- IATA: FIZ; ICAO: YFTZ;

Summary
- Airport type: Public
- Operator: Shire of Derby/West Kimberley
- Location: Fitzroy Crossing, Western Australia
- Elevation AMSL: 368 ft / 112 m
- Coordinates: 18°10′51″S 125°33′39″E﻿ / ﻿18.18083°S 125.56083°E

Map
- YFTZ Location in Western Australia

Runways
| Direction | Length |  | Surface |
| m | ft |
| 01/19 | 1,300 | 4,265 | Asphalt |
- Sources: Australian AIP and aerodrome chart

= Fitzroy Crossing Airport =

Fitzroy Crossing Airport is located 2 NM northwest of Fitzroy Crossing, Western Australia.

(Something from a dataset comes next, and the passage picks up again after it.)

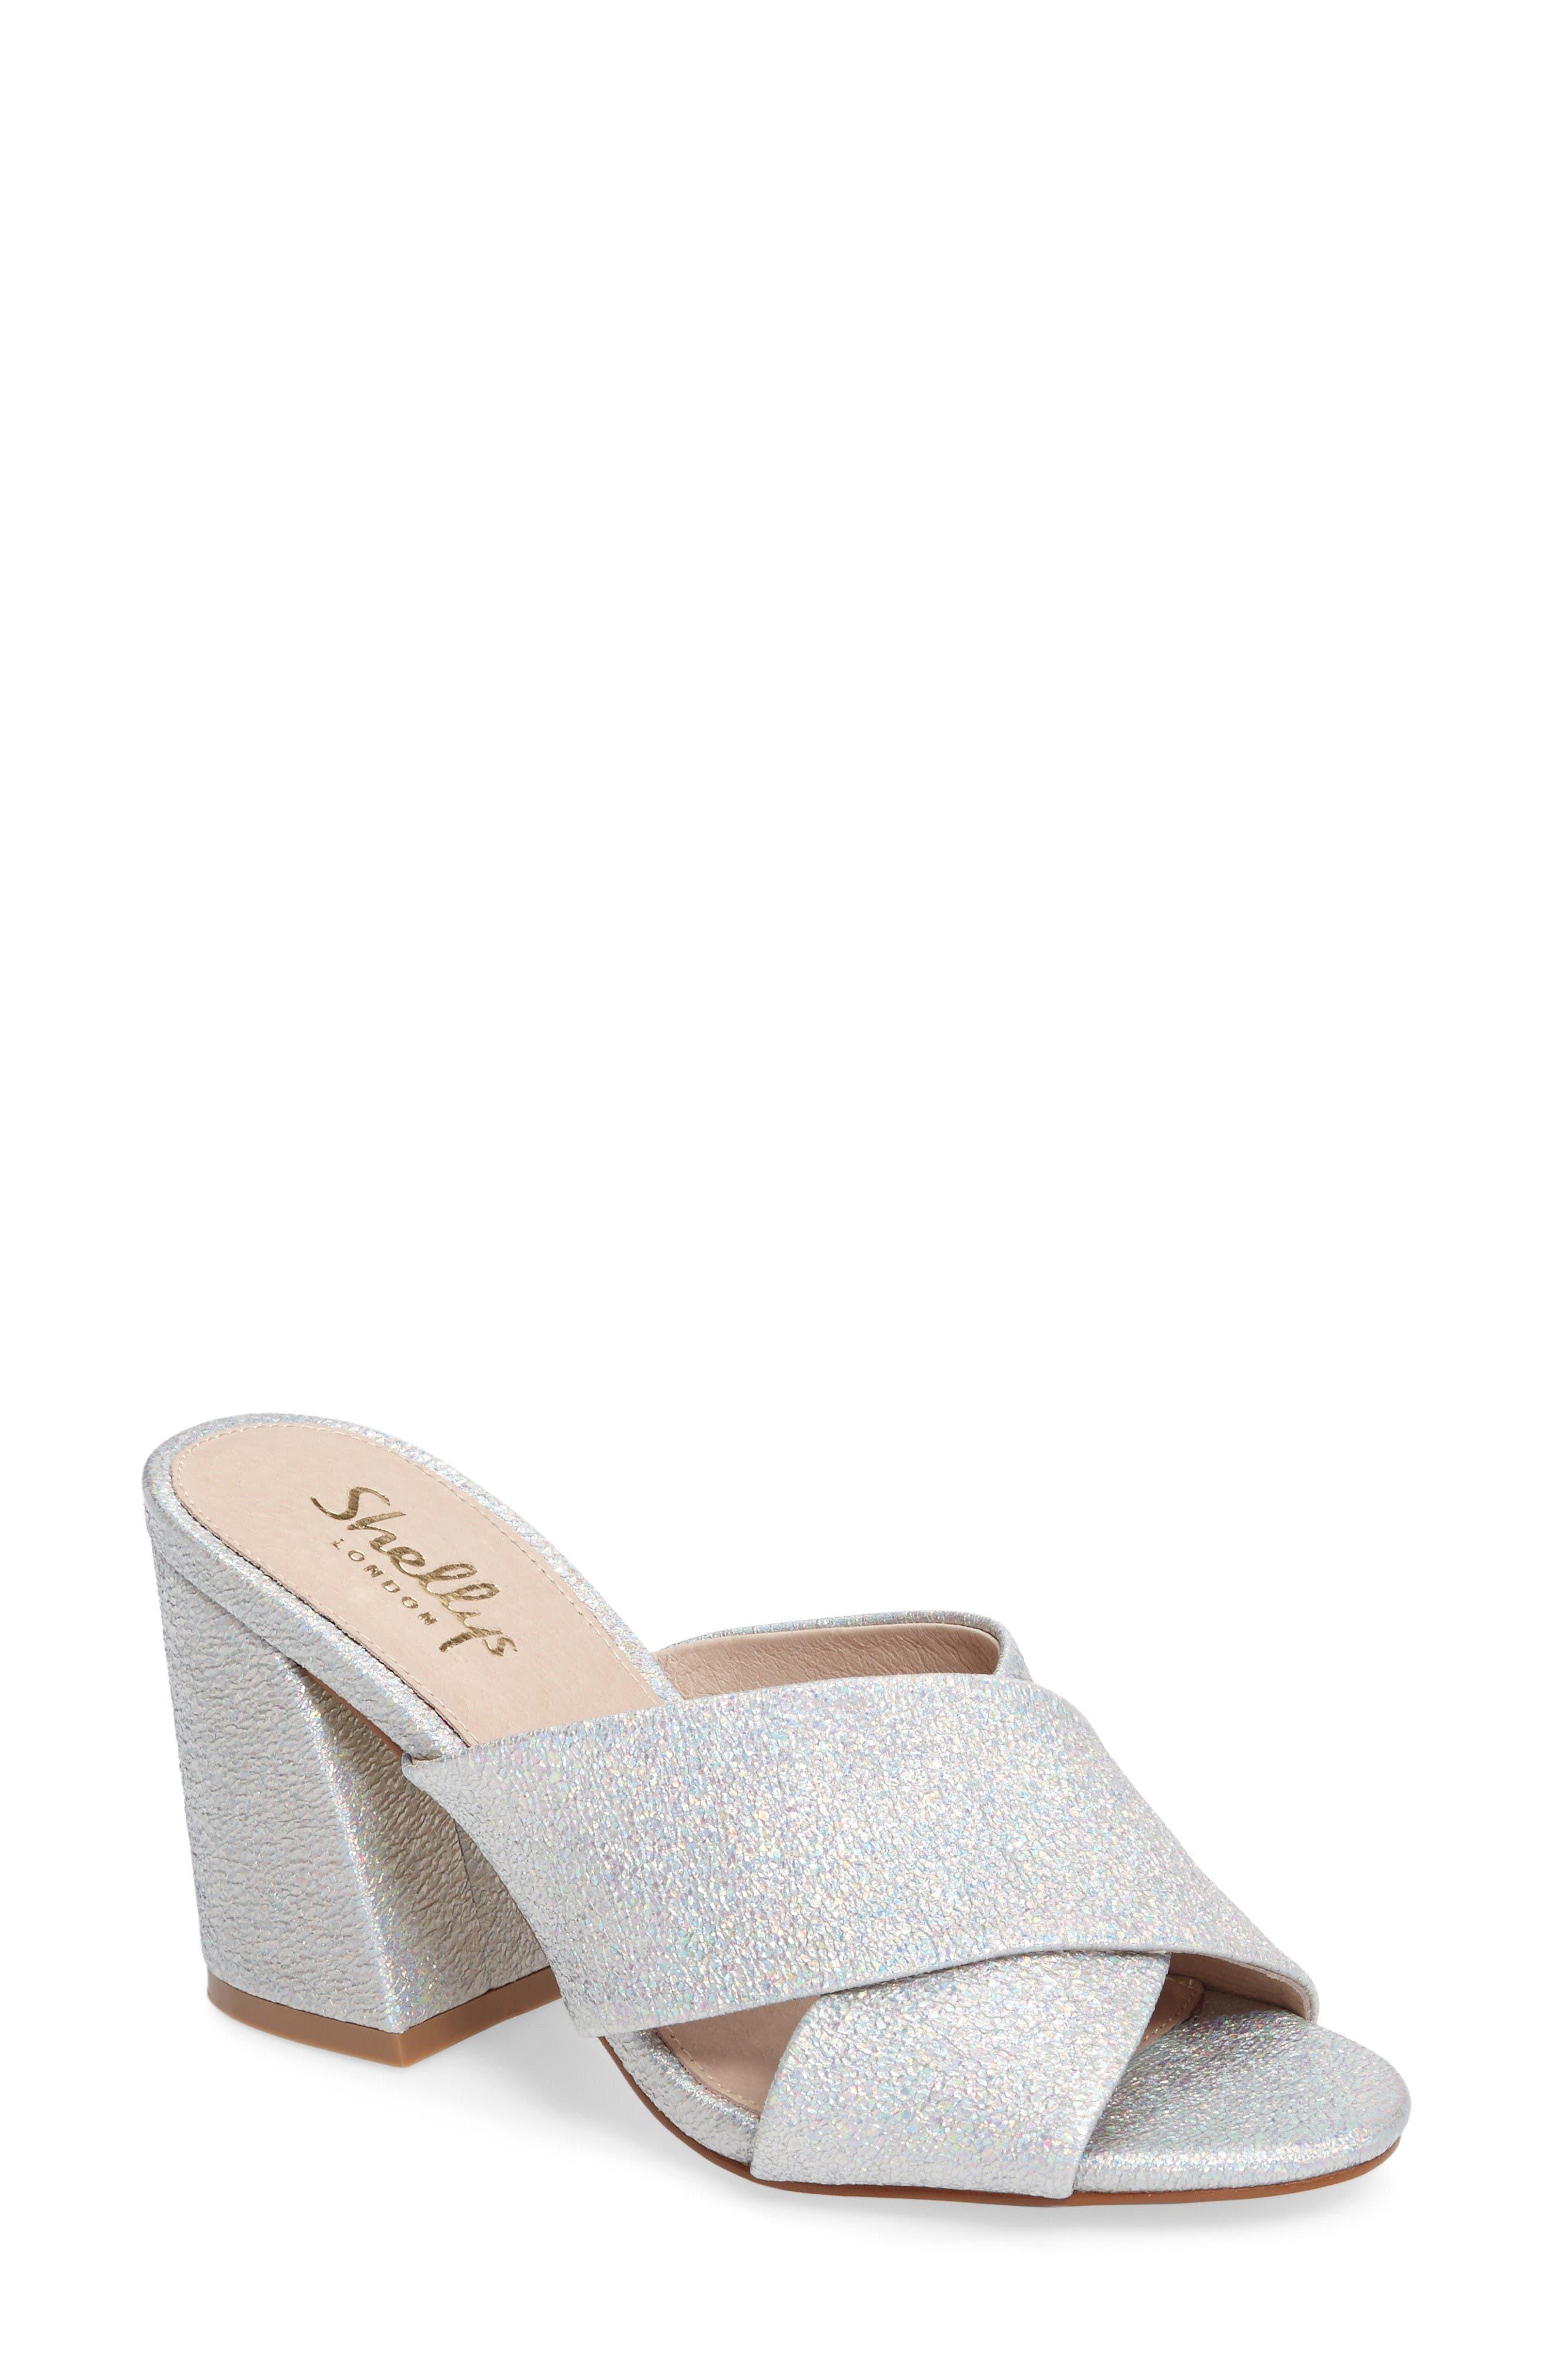 Shellys London Dani Block Heel Sandal (Women)

The Airport has basic amenities including an undercover waiting area, water fountain and toilet facility for passengers. The airport has a number of private hangars and helipads for light aircraft and small regional airlines. There is a regular passenger service operated by Skippers Aviation between Halls Creek and Broome that picks passengers up in Fitzroy Crossing.

Fitzroy Crossing Airport is often the only form of transportation between the township of Fitzroy Crossing and the outside world through the wet season.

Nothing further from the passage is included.